# Yard Sign



## Front Yard Fright (Dec 23, 2005)

I just got done (like 2 minutes ago) with my how-to for my Yard Sign.
Check it out and tell me what you think!!!
http://www.freewebs.com/frontyardfright/06/yardsign.htm


----------



## Hellrazor (Jun 18, 2006)

Im glad you did that. I was going to make a "pillars" sign and then I saw yours and re thought it> I liked your idea and was going to try and copy it, now I can.... If I get it done for this year, I will send you pics of the finished product... Cant decide yet exactly what to do...


----------



## Front Yard Fright (Dec 23, 2005)

GREAT! Be sure and let me know when you are [email protected]
Also, if you have any questions or anything don't be afraid to ask


----------



## Frighteners Entertainment (Jan 24, 2006)

Looks good, like the font you used!


----------



## Sickie Ickie (Jun 20, 2006)

Nice job. I seem to be saying that quite a bit lately.


----------



## Zombie-F (Apr 12, 2004)

Good job! Looks pretty similar to the one I made last year when I "stole" the idea from WormyT. Have a look:









I'm guessing your "oopsie" came from assuming dimensional lumber is actually the size it says it is. They're all usually undersized by some amount. It's pretty strange if you do actually come across a 4x4 that actually measures 4". I believe they actually measure 3.5" x 3.5"


----------



## Frighteners Entertainment (Jan 24, 2006)

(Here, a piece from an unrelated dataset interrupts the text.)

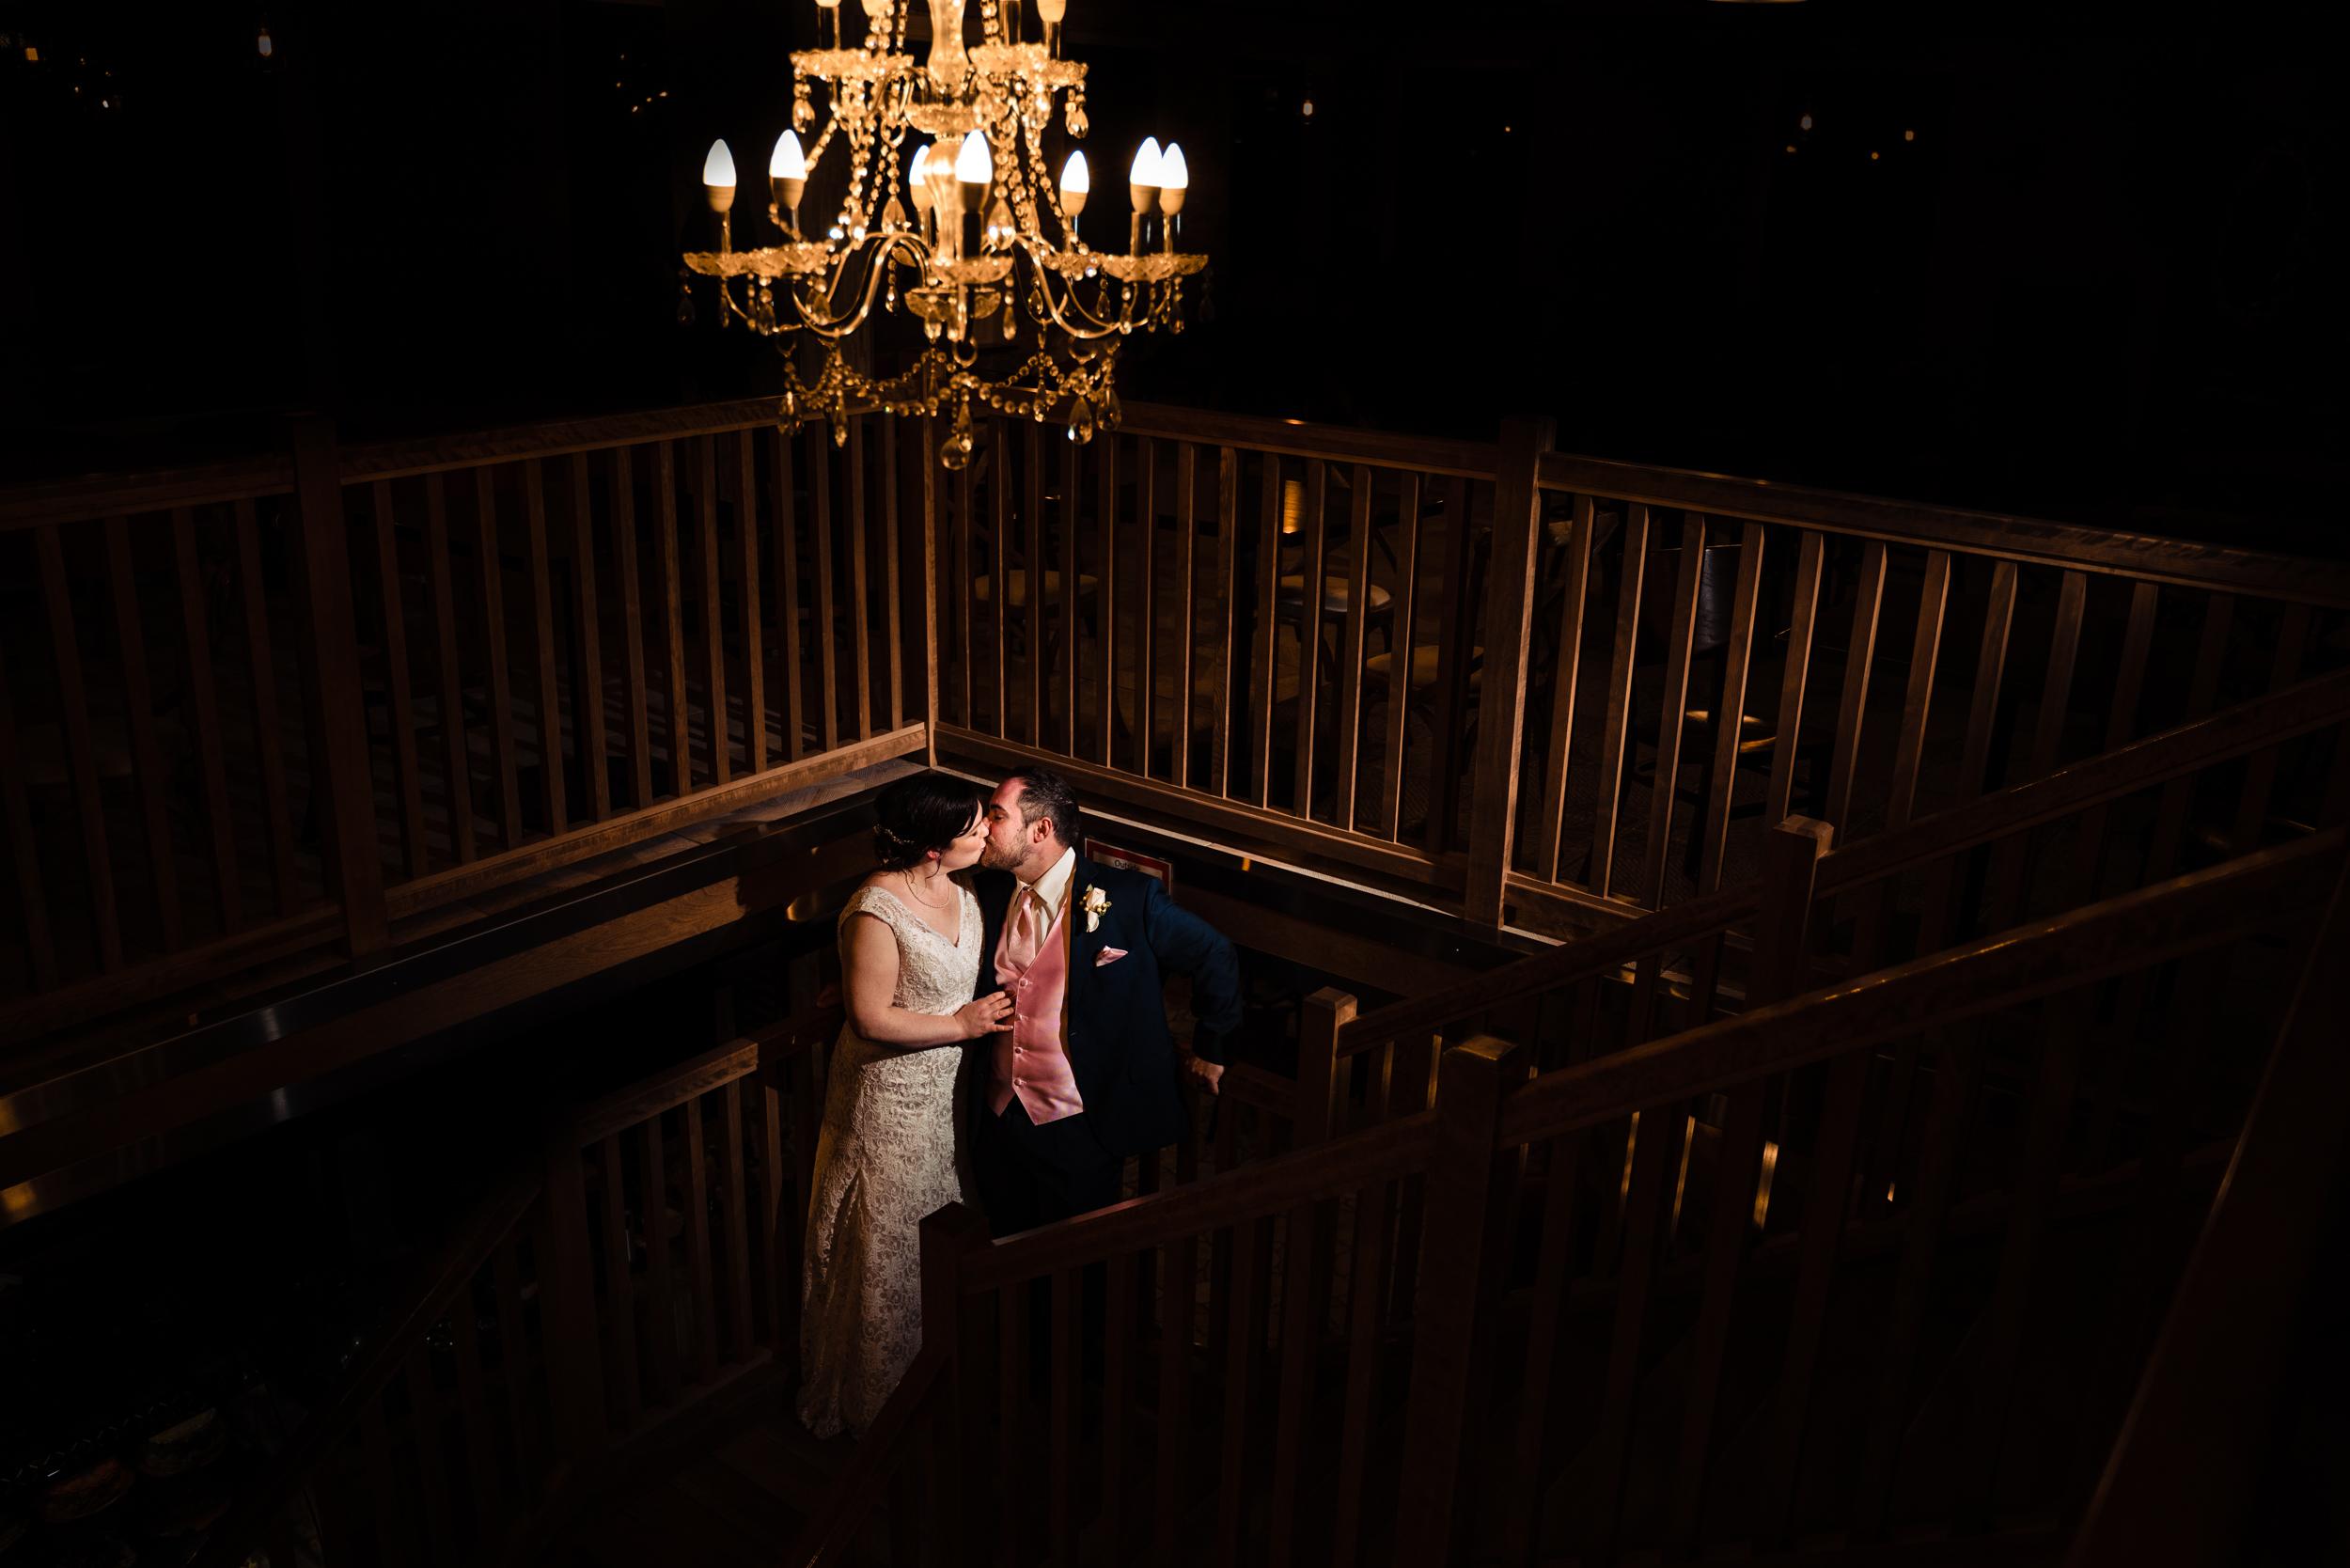 Halifax-wedding-photography-fall-photographers-novascotia-canada-ottawa (107 of 113).jpg
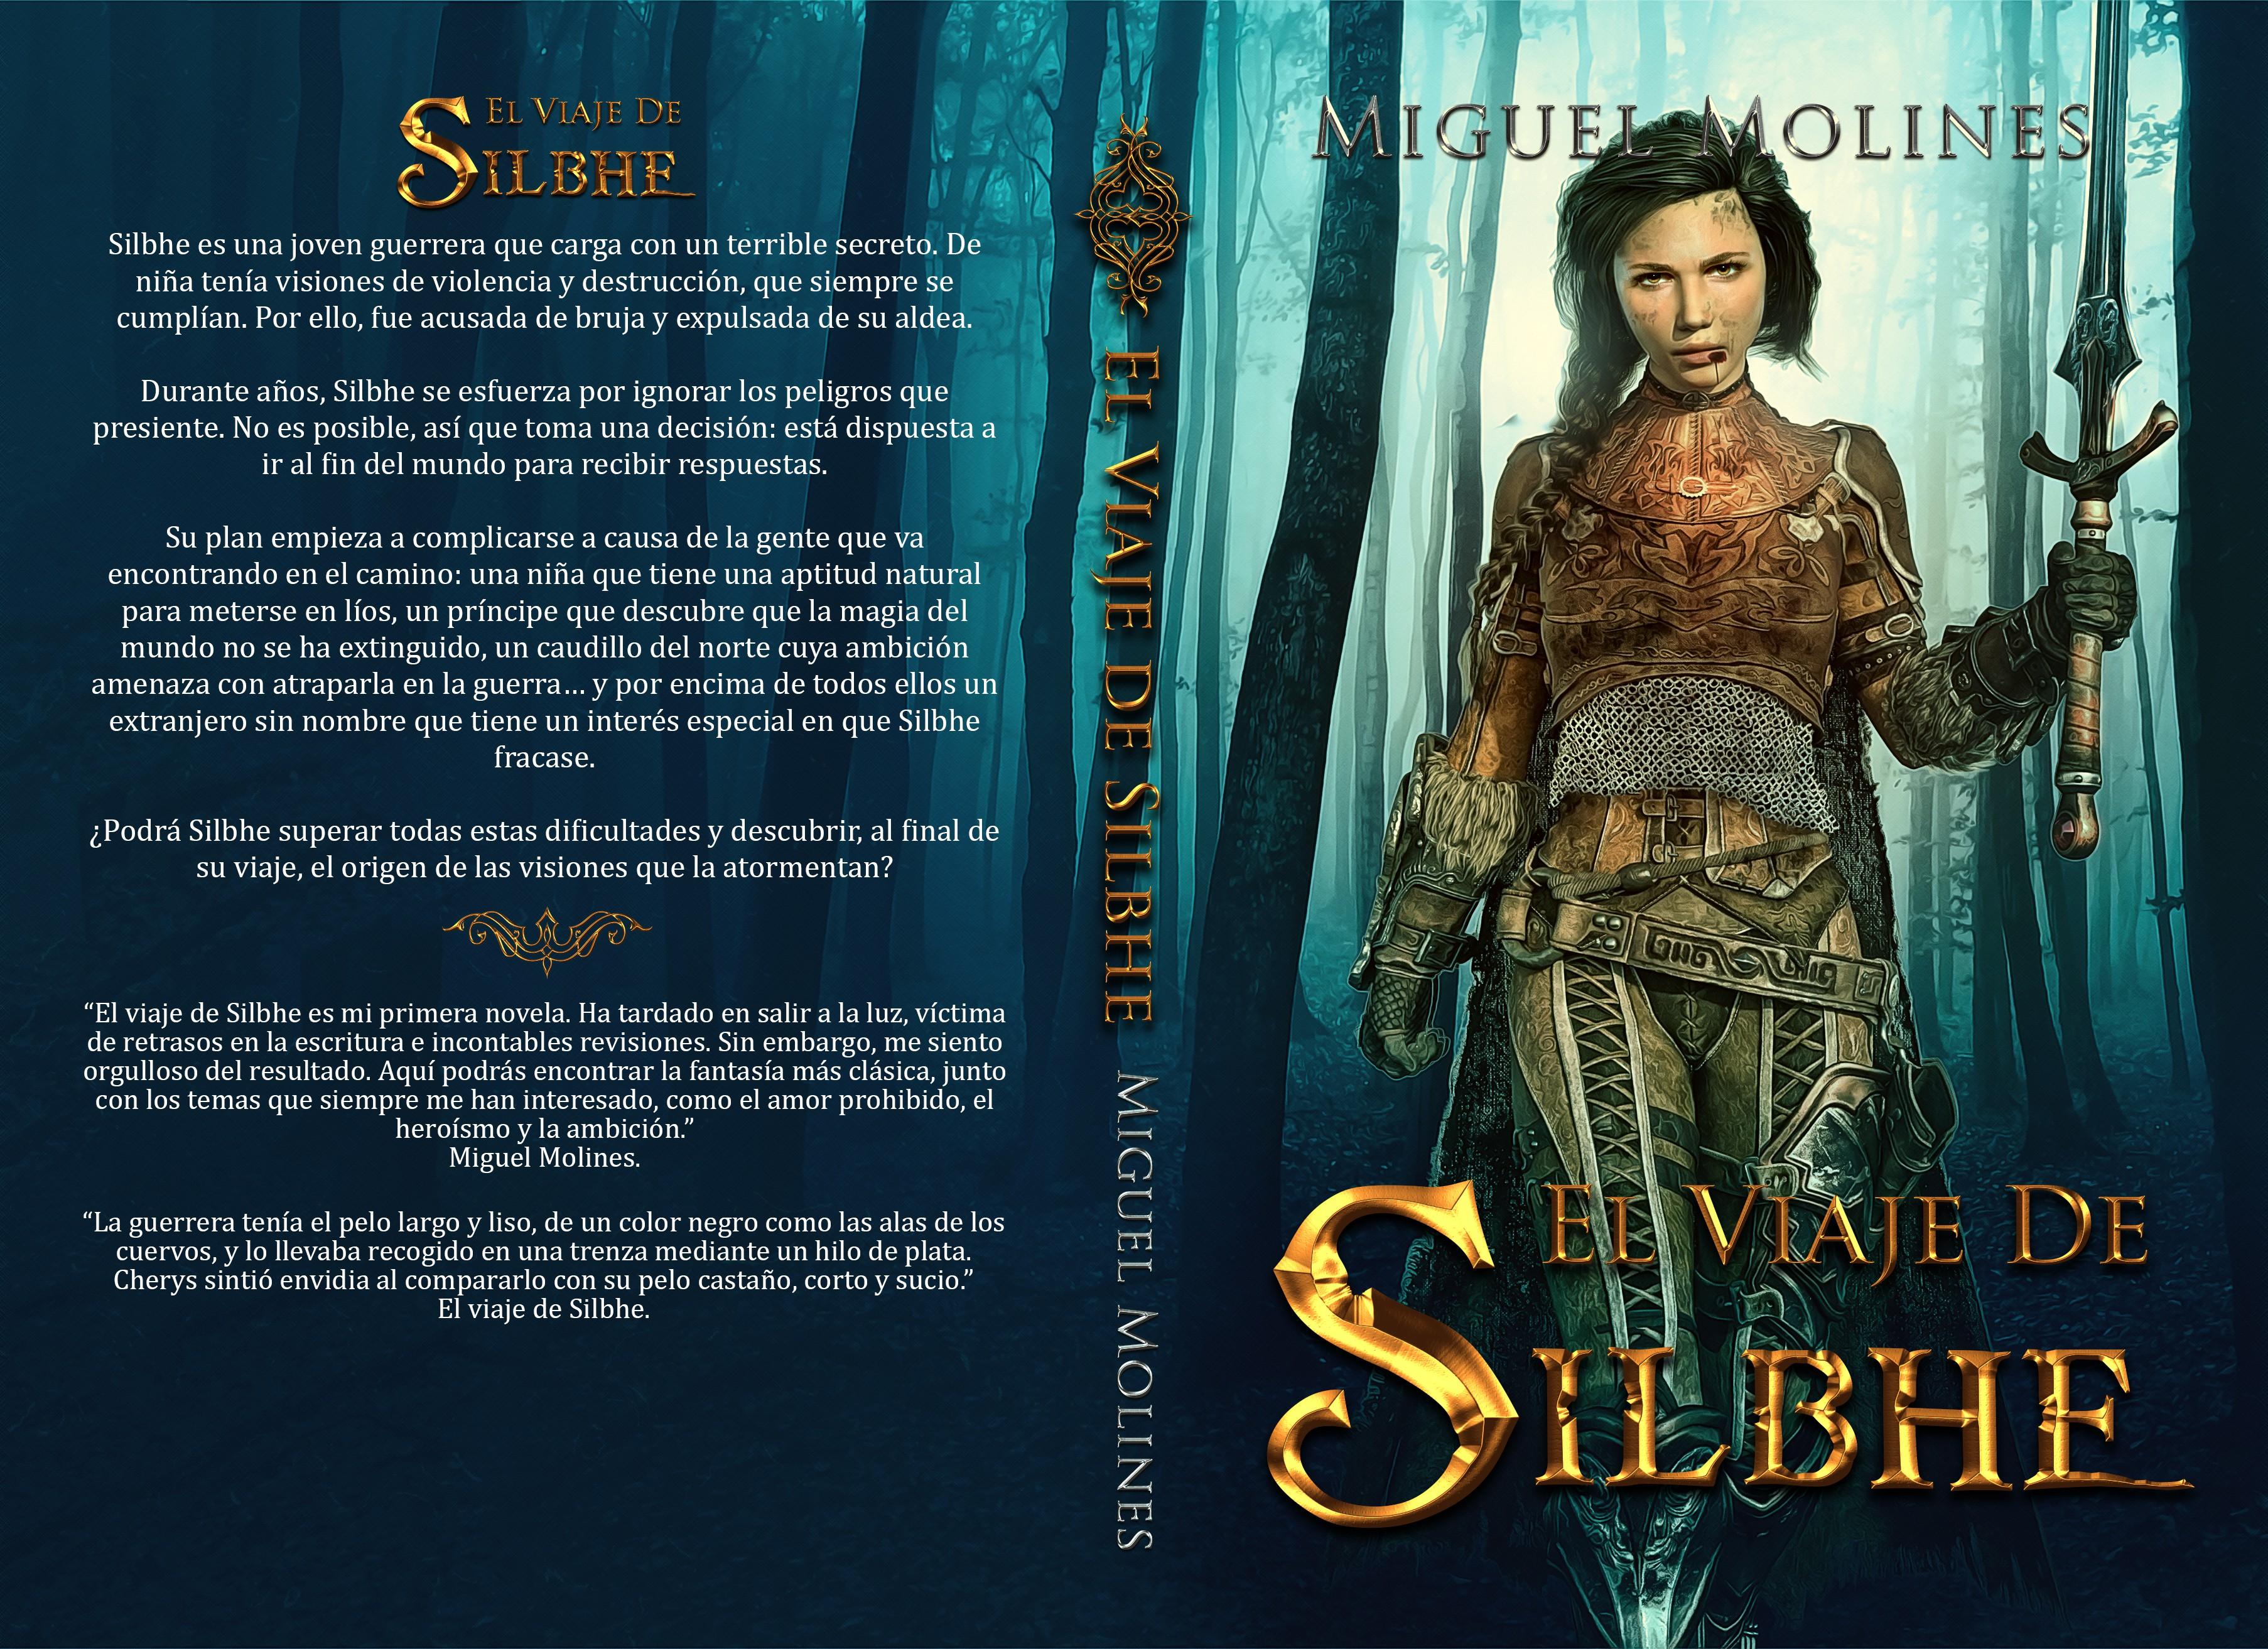 Design a cover (ebook and print) for a fantasy novel with a strong female hero, El viaje de Silbhe

Nice pic Z, looks like a nice warm fall day.


----------



## Front Yard Fright (Dec 23, 2005)

Zombie-F said:


> Good job! Looks pretty similar to the one I made last year when I "stole" the idea from WormyT. Have a look:
> 
> 
> 
> ...


yeah i guess that's what i did... i don't know. 
that is a really nice pic too  i really like how you got the unpleasant st logo on there...
i actually think your sign was one that made me want to make my own...


----------



## Zombie-F (Apr 12, 2004)

Frighteners Entertainment said:


> Nice pic Z, looks like a nice warm fall day.


Of course it was a nice warm (well, for New England) fall day... it was Halloween!!! :jol:


----------



## Dr Morbius (Sep 21, 2004)

I really like your sign, FYF. The double post is unique. Nice job on the how-to!

Zombies sign is aways an inspiration..I still mean to build one...Maybe a sign contest?


----------



## Michigal (Jan 3, 2006)

Dr Morbius said:


> I really like your sign, FYF. The double post is unique. Nice job on the how-to!
> 
> Zombies sign is aways an inspiration..I still mean to build one...Maybe a sign contest?


That sounds like a great idea. I had Zombie's sign instructions bookmarked long before I ever joined here. His instructions are so concise.

FYF, I like your sign. Love the way it came out. Great job.


----------



## Hellrazor (Jun 18, 2006)

Im in for a "sign contest" too!


----------



## ruafraid (Jan 3, 2006)

I cant tell which "Font" you used ? or I just missed it reading the Forum and How To but what a great Idea as well. I need to make me a sign like this for my haunt Hidden Horror.


----------



## Front Yard Fright (Dec 23, 2005)

The font that i used is called "Creature". You can download it off the halloweenfonts.com website.


----------



## Zombie-F (Apr 12, 2004)

Just taking a closer look at this. It really did turn out pretty awesome fyf. Good job!


----------



## spokanejoe (Sep 16, 2006)

I have a small sign but yours makes me wast to upgrade. LOL Great work


----------



## beaton (Sep 17, 2006)

nice sign.


----------



## dynoflyer (Oct 8, 2006)

Frontyardfright, your sign looks great! Love that old barnwood siding look.







Zombie, I liked your spooky sign idea too (really wormy-t's, I guess) so much I copied it. Even added the stuffed raven on the cross bar.

I used 2x4's on a 2x12x24" base weighted with pavers to keep it from blowing over in the wind. It rocks a little, but that adds to the effect.

What did you use for the spanish moss hanging down on the right side? I used that spider web stuff but it blows around in the wind and gets tangled to the point where it doesn't look much like spider web. Especially after the rain and wind we had last Friday.


----------